FCA proposes ban on sale of crypto-derivatives to retail customers

The sale of derivatives and exchange traded notes (ETNs) referencing certain types of cryptoassets to retail consumers is to be banned under proposals outlined by the UK's Financial Conduct Authority (FCA).

In a consultation opened last week (49 page / 1.9MB PDF) the FCA said retail consumers were unable to reliably assess the value and risks of derivatives or ETNs referencing crypto-derivatives due to the nature of the underlying assets which have no inherent value, the prevalence of market abuse and financial crime in the secondary market for cryptoassets, extreme volatility in cryptoasset price movements, and the lack of a clear investment need for investment products referencing them.

It said it wanted to ban the sale, marketing and distribution to all retail consumers of all derivatives – including contracts for difference, options and futures – and ETNs that reference unregulated transferable cryptoassets by firms acting in, or from, the UK.

The consultation follows a commitment by the FCA, cited in the final report from the UK Cryptoasset Taskforce, to explore a potential ban, as well as a recent policy statement (51 page / 580KB PDF) which finalised the rules restricting the sale of CFDs and CFD-like options to retail clients.
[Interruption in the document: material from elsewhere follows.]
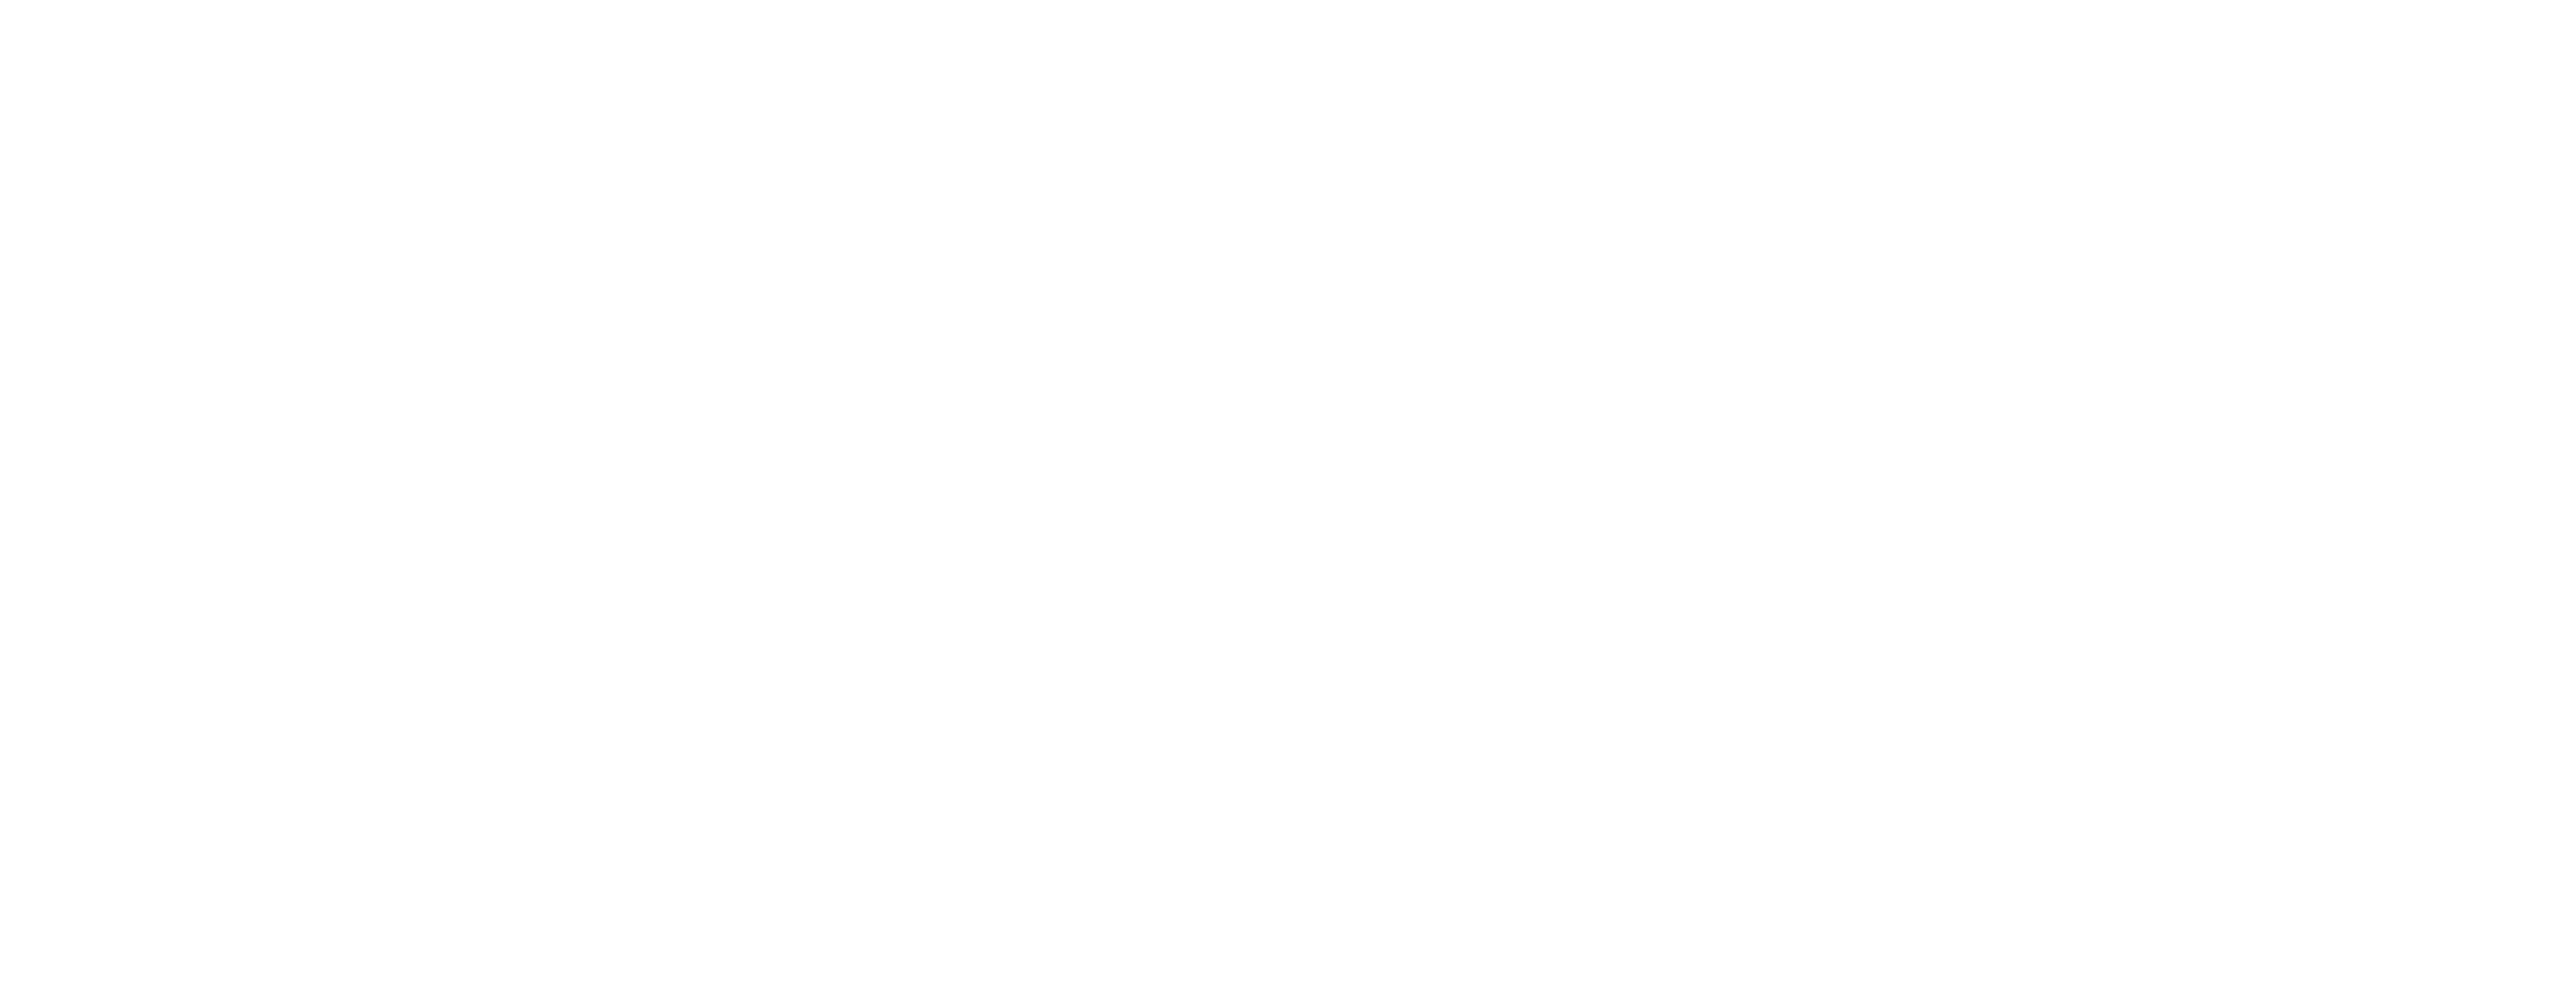 Jerry's Jungle Logo
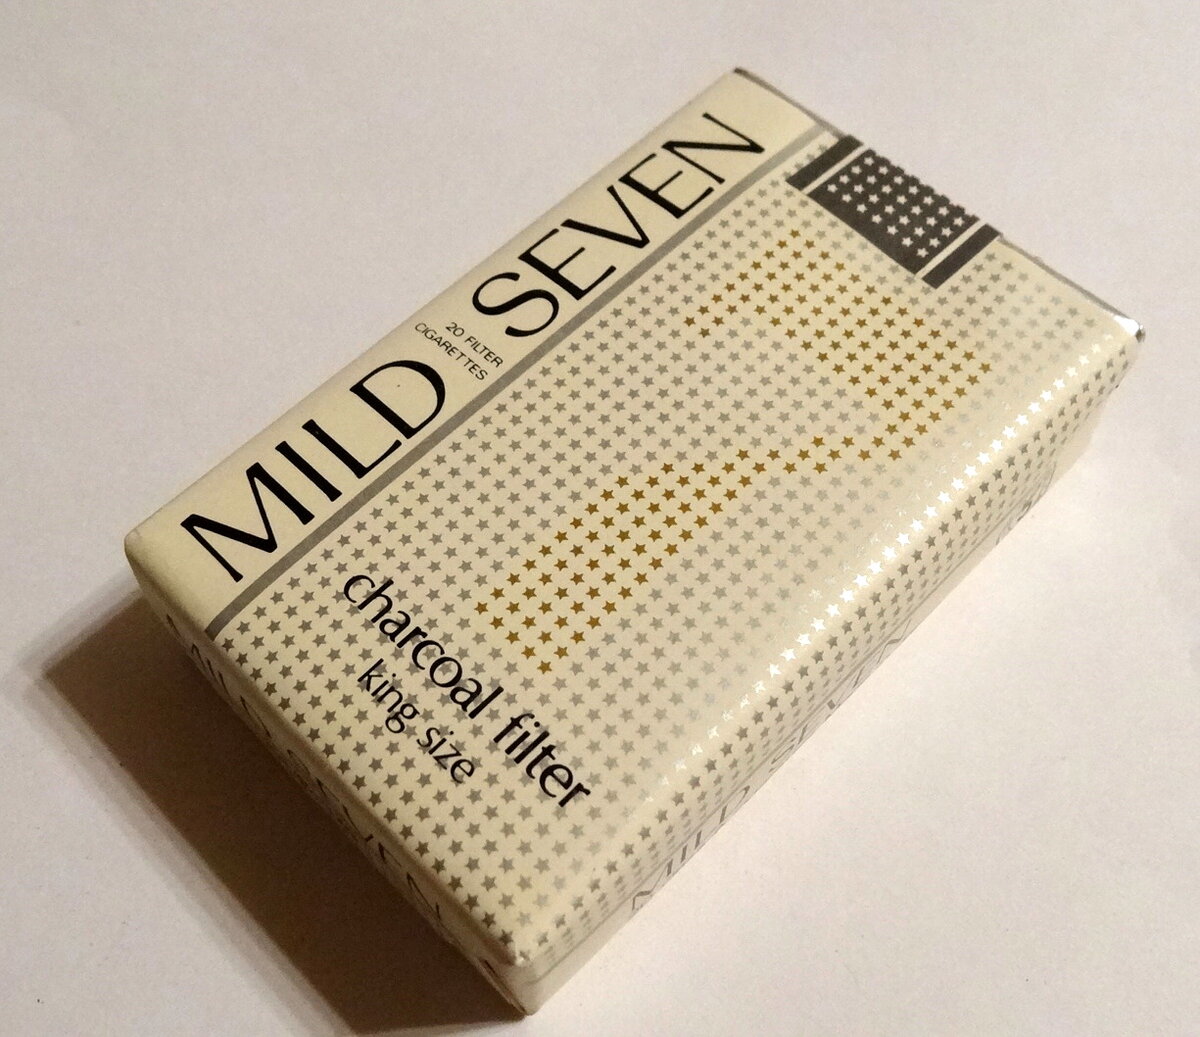 Mild Seven (Табак Милд Севен) / Xi'an Taima

In those rules, the FCA set leverage limits of 2:1 on CFD referencing cryptocurrencies.

The moves continue a widespread effort by regulators to protect retail customers by restricting access to complex financial products, spearheaded by the European Securities and Markets Authority.

Financial regulation expert Andrew Barber of Pinsent Masons, the law firm behind Out-Law, said: “The FCA’s proposals to ban the sale of crypto-derivatives are designed to fit in with its objectives of protecting consumers and enhancing the integrity of the UK financial system. These proposals should be welcomed by the industry as most retail consumers will not fully understand the risks associated with dealing in often unregulated cryptoassets let alone the speculative activity of trading in derivatives of these assets.”

“The proposals should not come as a surprise to the industry given the FCA had already worked to restrict CFDs and binary options sold to retail clients. Any ban will likely have the desired effect of reducing the opportunities for consumers to suffer large losses from this emerging asset class,” Barber said.

The regulator said it estimated the potential benefit to retail consumers from banning crypto-derivatives would range from between £75 million to £234.3m a year.

The FCA said while the market remained small, there is growing evidence that cryptoassets are causing harm to consumers.

The FCA consulted earlier this year on proposed regulatory guidance on cryptoassets, and plans to publish final guidance later this year.